Eventually you will want to extract pieces of a match. For example, if you try to match four digit years, you may want to know what years the regex matched. In order to extract this piece from a larger pattern, you can “group” the year part of the pattern.

str_match("is 'party like it is 1999' the best prince song????", "(\\w+) +(\\d{4})")

     [,1]      [,2] [,3]  
[1,] "is 1999" "is" "1999"

The above example shows a match for a word followed by a four digit year. Using the str_match() function, you get the matched string and then the grouped expressions afterwards in columns two and three.

If you want to a true/false for whether the pattern matched, you can use str_detect() instead of str_match()

str_detect("is 'party like it is 1999' the best prince song????", "(\\w+) +(\\d{4})")

[1] TRUE

and str_count() to get the number of matches in the whole string

str_count("is 'party like it is 1999' the best prince song????", "\\?{2}")

[1] 2

Note here that matches don’t overlap; otherwise you would count more than 2 matches in the four exclamation points.

Regex: replacing matches

Replacing text with regular expression involves supplying a pattern to match and a replacement string. For example, using str_replace(),

str_replace("is 'party like it is 1999' the best prince song????", "(\\w+) +(\\d{4})", "is 2024")

[1] "is 'party like it is 2024' the best prince song????"

The groups can also be taken advantage of in the replacement where the variables (called “backreferences”) “\n” contain the nth saved or grouped part of the pattern.

str_replace("is 'party like it is 1999' the best prince song????", "(\\w+) +(\\d{4})", "was 1899 but \\1 now \\2")

[1] "is 'party like it was 1899 but is now 1999' the best prince song????"

Regex: practice!

There are a couple of nice websites that allow you to easily construct a regex pattern and see how it matches text at the same time. This can be very useful when trying to construct a pattern to do a very specific job.
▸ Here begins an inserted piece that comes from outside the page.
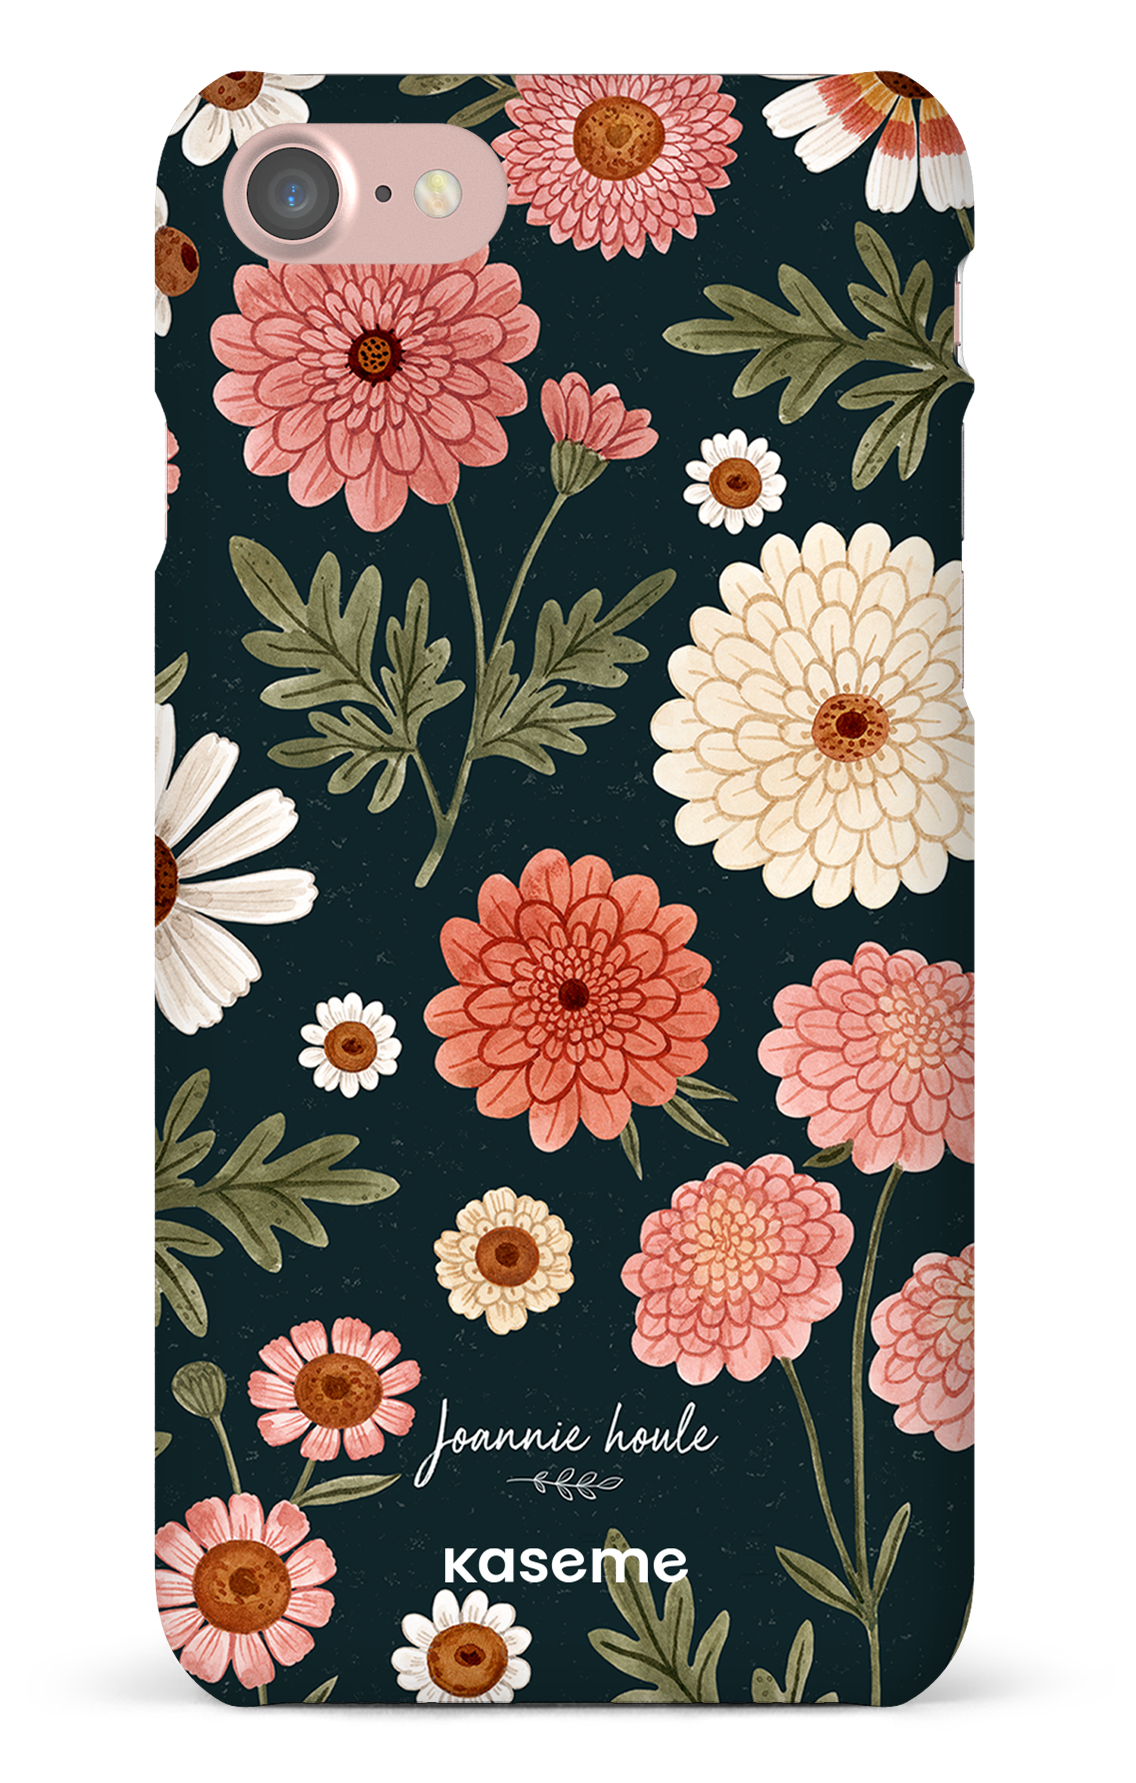 Chrysanthemums by Joannie Houle - iPhone 7

This is a good places to learn the basics too in a more fun way:

https://regexcrossword.com/challenges/tutorial

Lab

For reference, here is the RStudio regular expression cheat sheet: pdf on github.

Problems

Go to https://regexcrossword.com/challenges/beginner. Solve the first four puzzles and submit the answers to them in your qmd file.
Write your own 2x2 regex crossword in the style of the puzzles in problem #1. Provide the puzzle and solution.
Use GWAS Catalog data for this problem, which you can load like this:
```
gwas = read_tsv("gwas-catalog-v1.0.3.1-studies-r2024-09-22.tsv")
```
Unlike our previous GWAS data, these data are just the studies (not the individual SNPs) but they are all the studies in the database.
For a description of the columns in this dataset, look here: https://www.ebi.ac.uk/gwas/docs/fileheaders#_file_headers_for_unpublished_studies.

How many different studies in the database study something to do with the thyroid? (use str_detect and DISEASE/TRAIT for this)
How many of these studies reported no significant association for their DISEASE/TRAIT? (use ASSOCIATION COUNT)
Using the GWAS data above, how many studies use at least 50,000 individuals in their INITIAL SAMPLE SIZE?
Hint: you’ll definitely need a regular expression for this and str_extract should be useful. Getting all the numbers from INITIAL SAMPLE SIZE is tricky so get the first one as a start. If you’re interesting in a challenge, get all the numbers and check them.